You can use the following functions in an entered query:
•UUID_STRING
•RANDOM
•RANDSTR
•SIGN
•CURRENT_REGION
•CURRENT_ACCOUNT
•CURRENT_ROLE
•CURRENT_USER
•CURRENT_DATABASE
•CURRENT_SCHEMA
•DAYNAME
•SPLIT
•SPLIT_PART
To use the CURRENT_ROLE, CURRENT_DATABASE, and CURRENT_SCHEMA functions in an SQL transformation, ensure to provide the database, role, and schema name in the additional JDBC parameters field in the Snowflake Data Cloud connection. If you do not specify the values in the connection, Data Integration inserts null to the target.
Reuse shared sequence
You can push a mapping with a shared sequence defined in an SQL transformation to a Snowflake endpoint. Data Integration writes the data in the same sequence to the target as in the Snowflake source.

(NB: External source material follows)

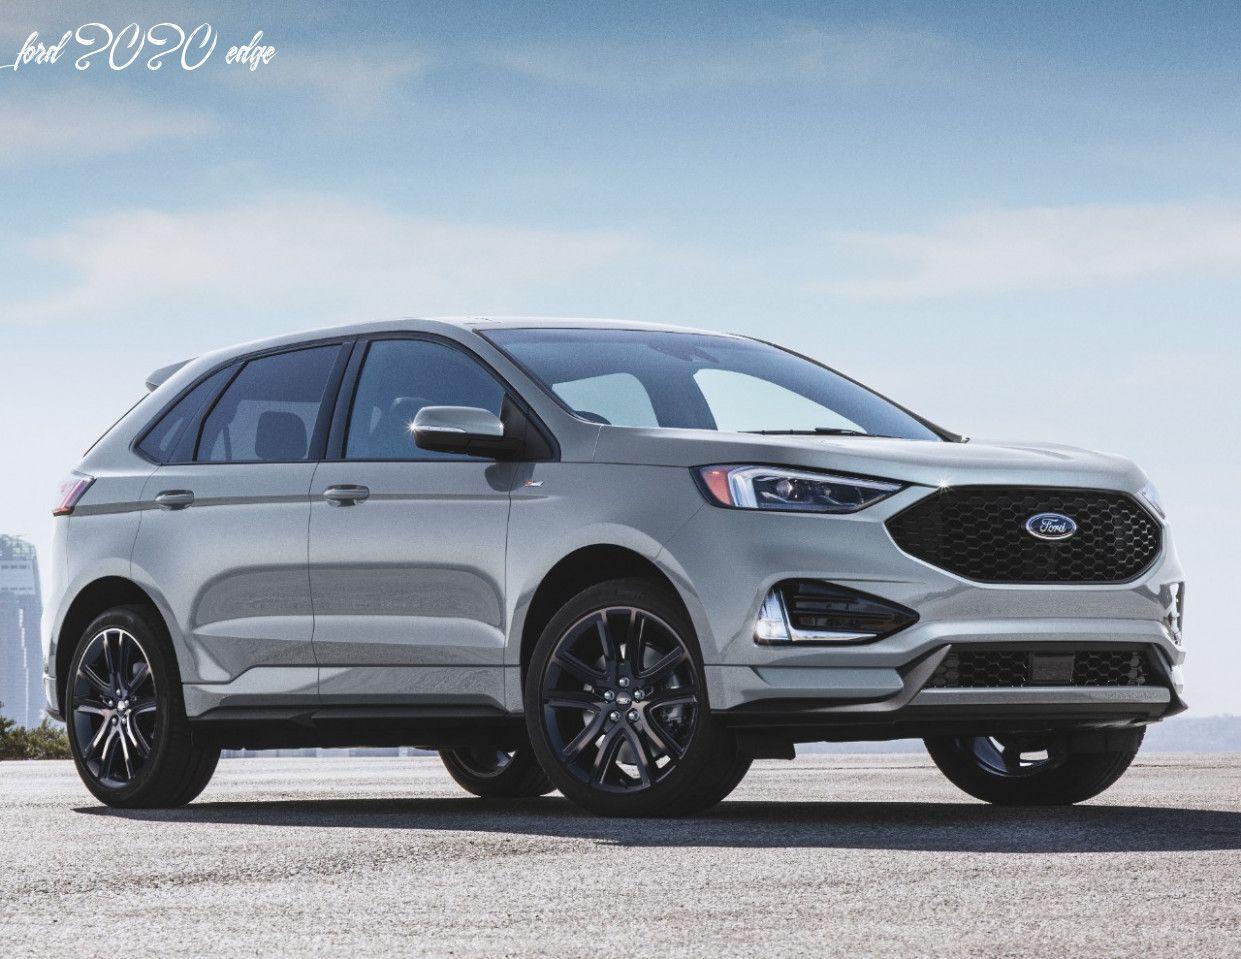 Ford 2020 Edge In 2020 Ford Edge Sport Ford Edge Ford 2020

Get the shared sequence from Snowflake and define the sequence in an entered query in an SQL transformation.
Specify the shared sequence in the entered query in the following syntax: Select <Snowflake_schema_name>.<Snowflake_database_name>.<sequence_name>.NEXTVAL
User defined functions
You can configure a custom query in an SQL transformation to read from Java or SQL user-defined functions (UDF) in Snowflake.
The following guidelines apply for UDFs:
•You cannot read UDFs that have newline characters in the UDF name.
•If the UDF contains array parameters, the mapping runs without SQL ELT optimization.
Union transformation
You can push a Union transformation with the following restrictions:
•The Source transformation in the mapping must only include Snowflake source objects.
•A mapping runs without SQL ELT optimization when the source is Amazon S3, Google Cloud Storage, or Microsoft Azure Data Lake Storage Gen2.
Update Strategy transformation
You cannot use an Update Strategy transformation.
You can instead use the update and upsert operations in the Target transformation to write to Snowflake.